RAJASEKHAR BALASUBRAMANIAN, Raghu Betha, Sailesh Behera, National University of Singapore

     Abstract Number: 6
     Working Group: Biomass Burning Aerosol: From Emissions to Impacts

Abstract
Occurrence of biomass burning-induced smoke haze has become an annual phenomenon in tropical South East Asia (SEA) over the past several decades, but with different duration, intensity and impacts depending on prevailing weather conditions.

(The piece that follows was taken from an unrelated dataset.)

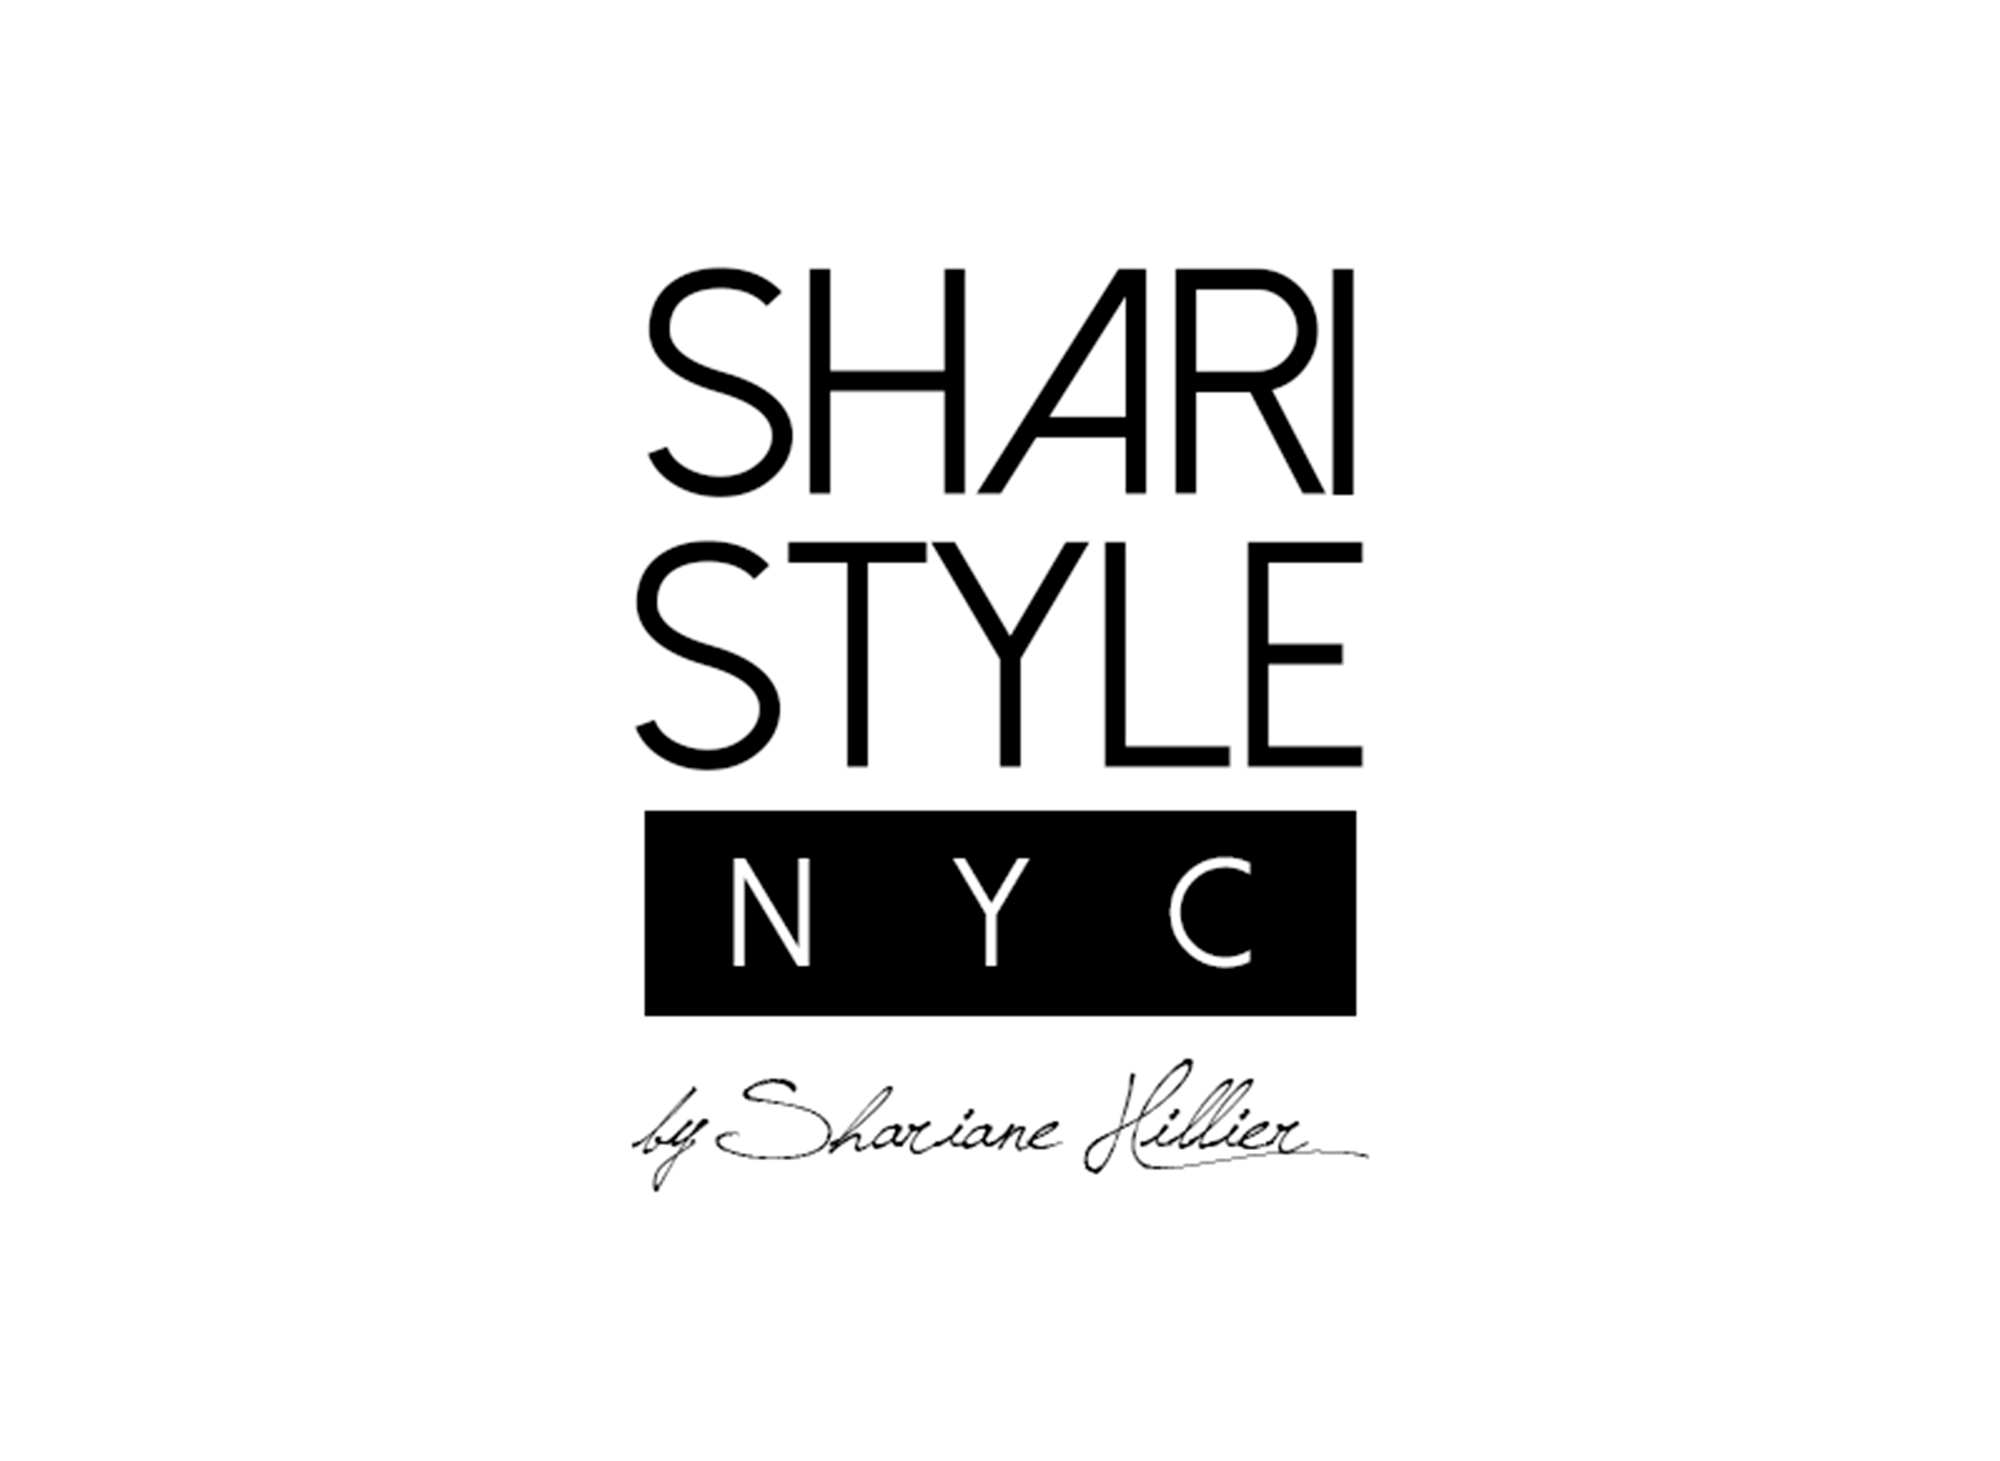 blog-shari-style-nyc-clientes-atendidos-agencia-diretriz-digital-marketing-fortaleza

Uncontrolled forest and peat land fires resulting from land clearing activities in Indonesia release large amounts of airborne particulate matter (PM) with unique chemical composition into the atmosphere. The resultant PM emissions from these wild fires are transported by trans-boundary winds and transformed into regional haze episodes affecting several countries in SEA, most notably, Singapore, Malaysia, Indonesia and Thailand. One of the worst haze episodes in the history of SEA occurred in June 2013. Size-segregated particulates (2.5 – 1.0 µm; 1.0 – 0.5 µm; 0.5 – 0.2 µm and < 0.2 µm) were collected during both hazy and non-hazy periods, and subjected to chemical fractionation of particulate-bound trace elements (B, Ca, K, Fe, Al, Ni, Zn, Mg, Se, Cu, Cr, As, Mn, Pb, Co, Cd). PM2.5 concentrations were elevated (up to 329 µg/m3) during the haze episode, compared to those during the non-haze period (11 – 21 µg/m3). There was a 10-fold increase in the concentration of K, an inorganic tracer of biomass burning. A major fraction (>60%) of the elements was present in oxidizable and residual fractions while the bio-available fraction accounted for up to 20% for most of the elements except K and Mn. Deposition of inhaled potentially toxic trace elements in various regions of the human respiratory system was estimated using a Multiple-Path Particle Dosimetry model. The particle depositions in the respiratory system tend to be more severe during hazy days than those during non-hazy days. A prolonged exposure to finer particles can cause adverse health outcomes during hazy days as revealed by quantified risk analysis.